Only the lines below from the one that holds "除毛クリーム ポイント脱毛保護メガネユニバーサルゴーグル眼鏡を凍結IPL/E-光OPTのためのレーザー保護メガネ 青" through the one that holds "زفاف - Eucalyptus" should appear in the answer, copied exactly, end lines included and pictures omitted.

::: Information shown

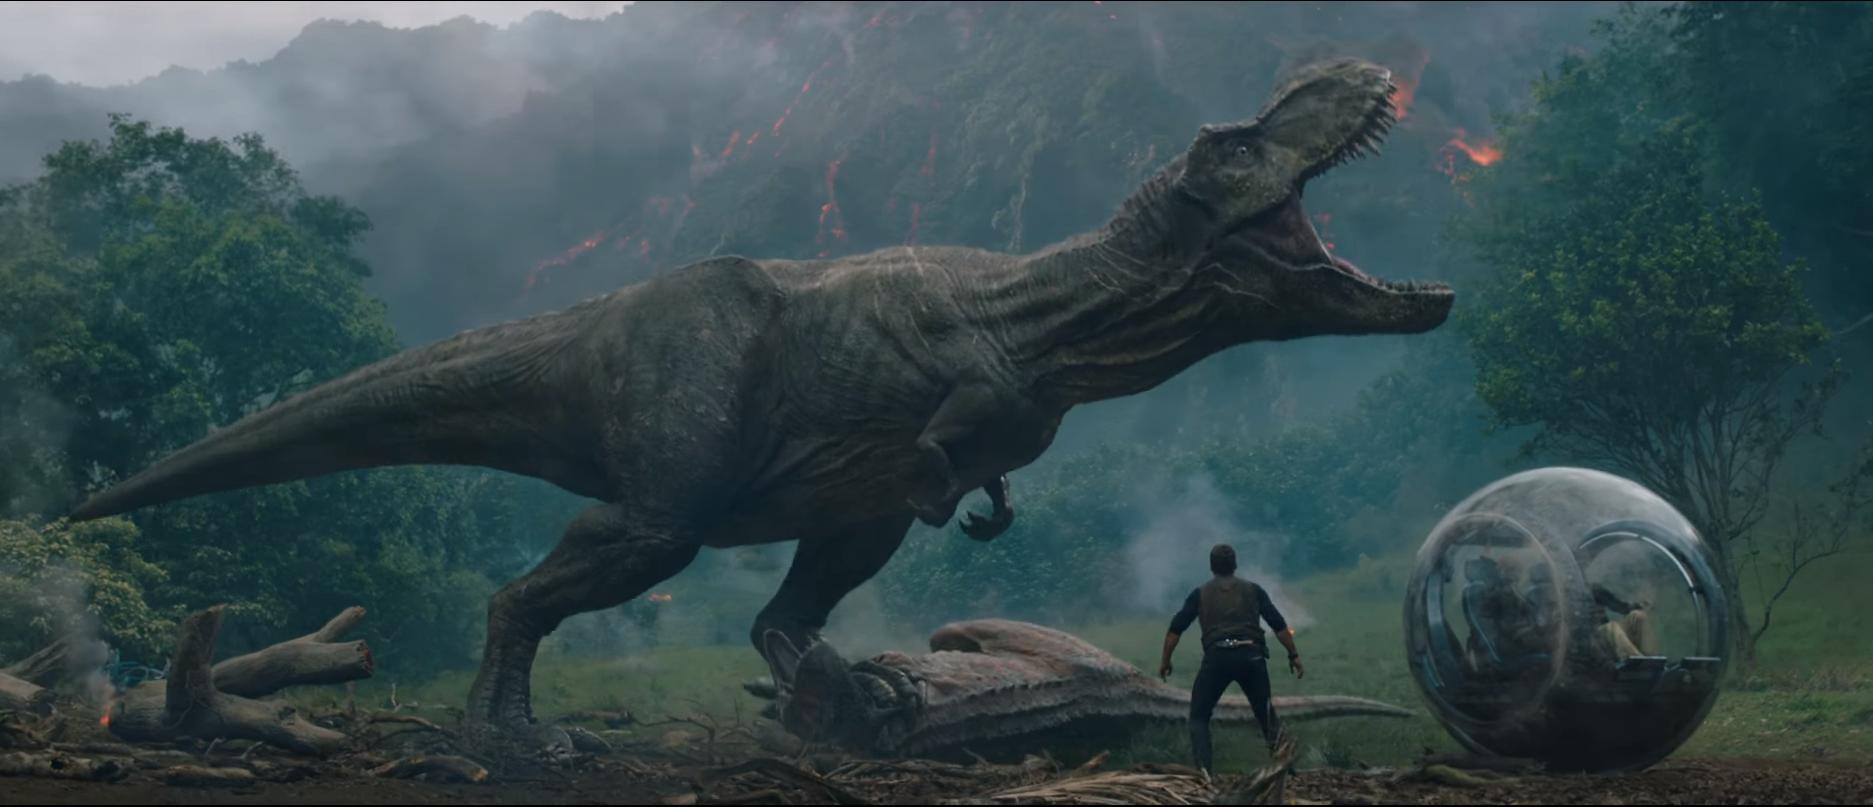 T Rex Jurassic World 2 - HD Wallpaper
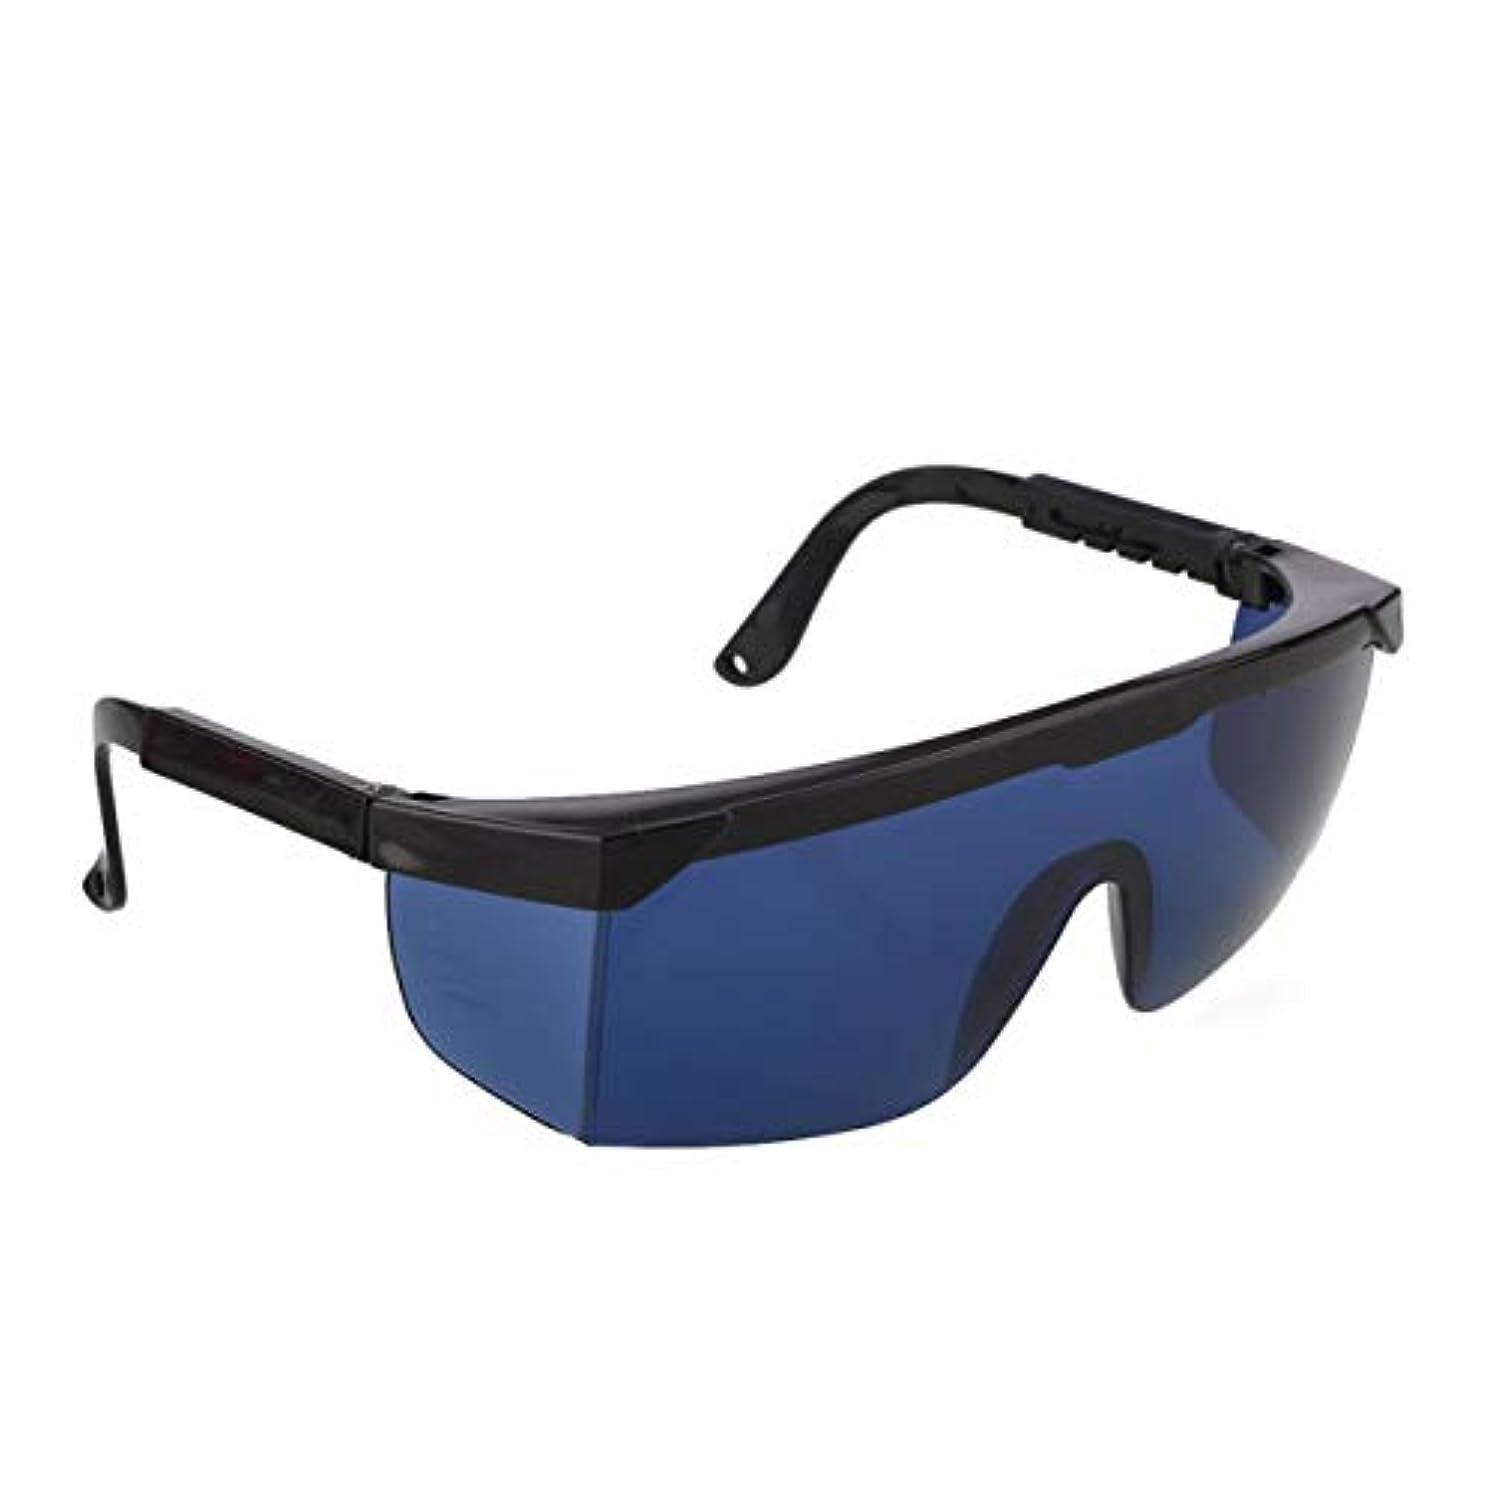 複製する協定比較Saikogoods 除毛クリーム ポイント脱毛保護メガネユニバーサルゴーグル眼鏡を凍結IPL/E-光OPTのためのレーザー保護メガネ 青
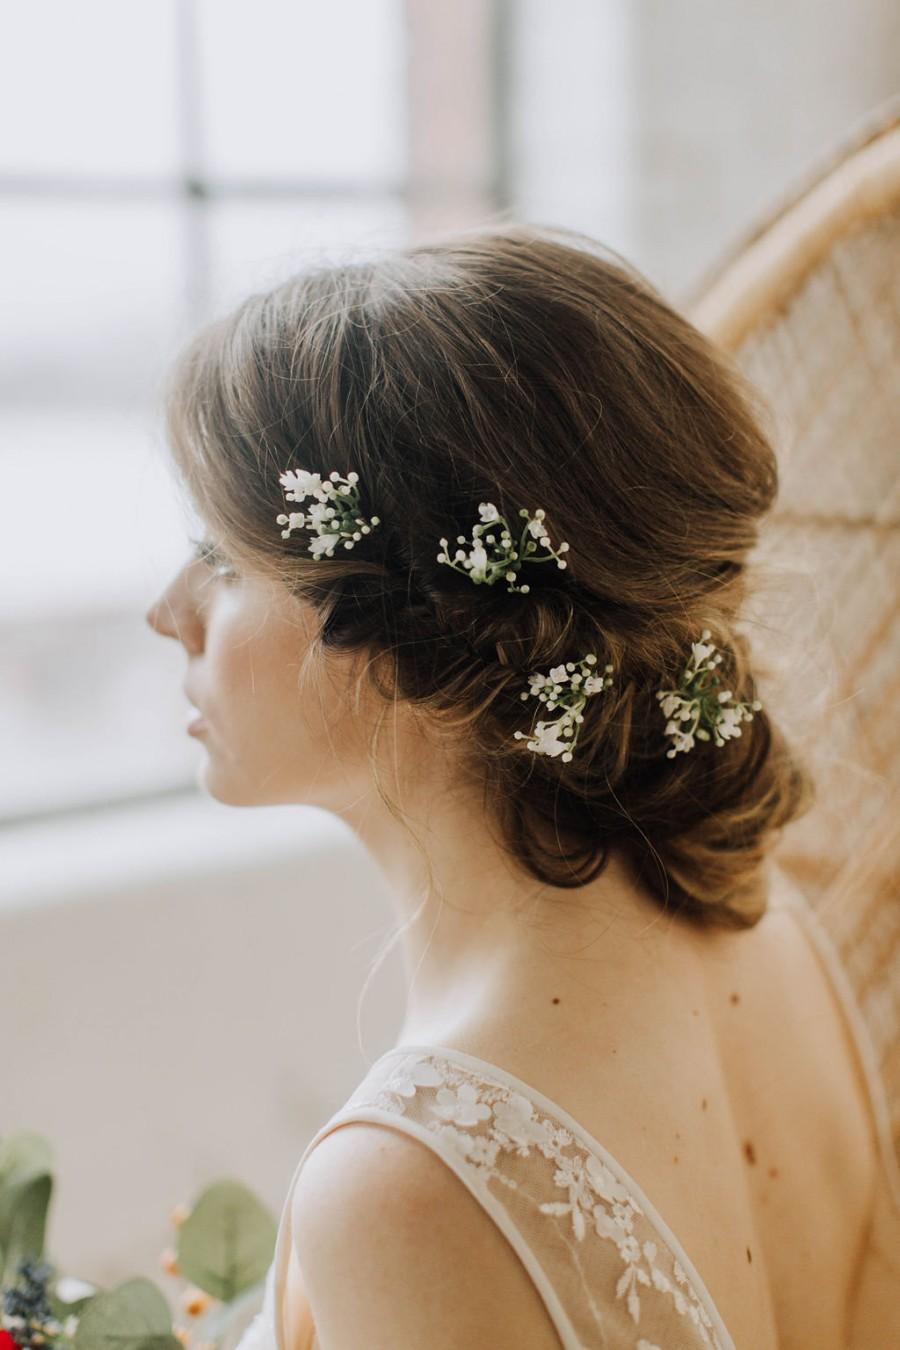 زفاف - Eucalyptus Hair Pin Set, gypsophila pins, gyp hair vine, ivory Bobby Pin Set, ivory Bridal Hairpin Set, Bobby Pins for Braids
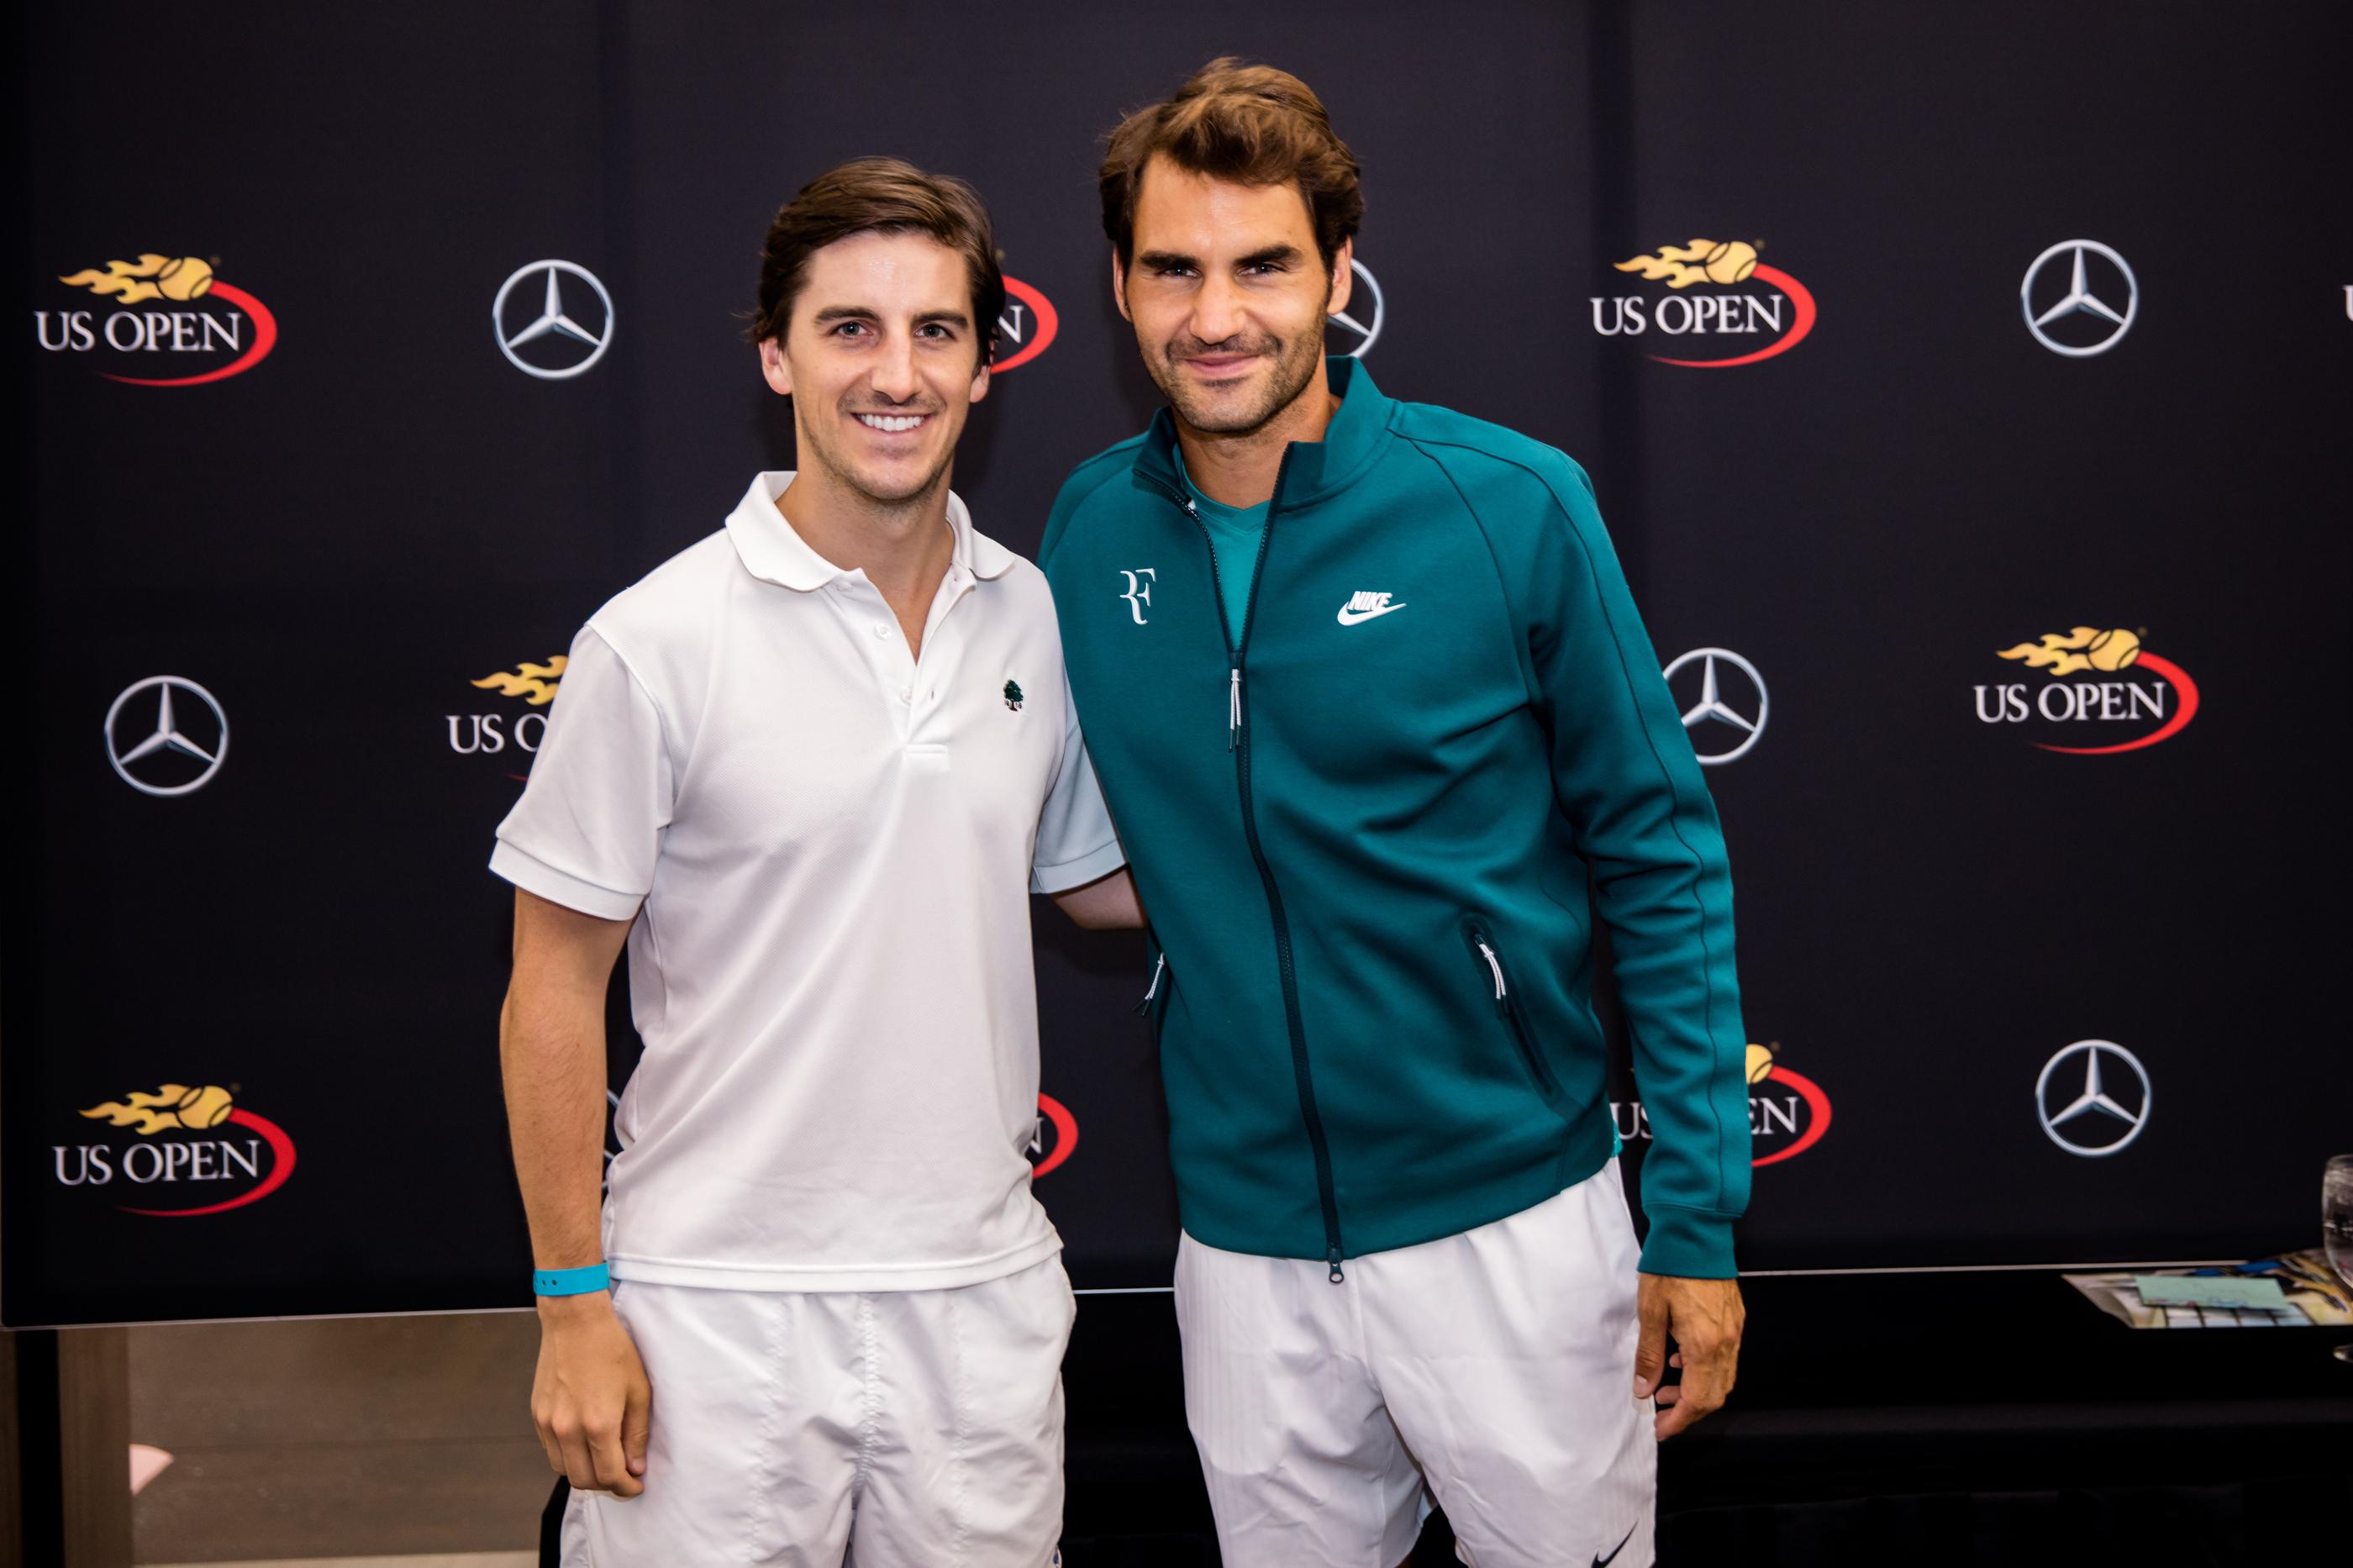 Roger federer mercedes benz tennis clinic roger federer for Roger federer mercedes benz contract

::::::

* _Written response_:
 複製する協定比較Saikogoods 除毛クリーム ポイント脱毛保護メガネユニバーサルゴーグル眼鏡を凍結IPL/E-光OPTのためのレーザー保護メガネ 青
 زفاف - Eucalyptus Hair Pin Set, gypsophila pins, gyp hair vine, ivory Bobby Pin Set, ivory Bridal Hairpin Set, Bobby Pins for Braids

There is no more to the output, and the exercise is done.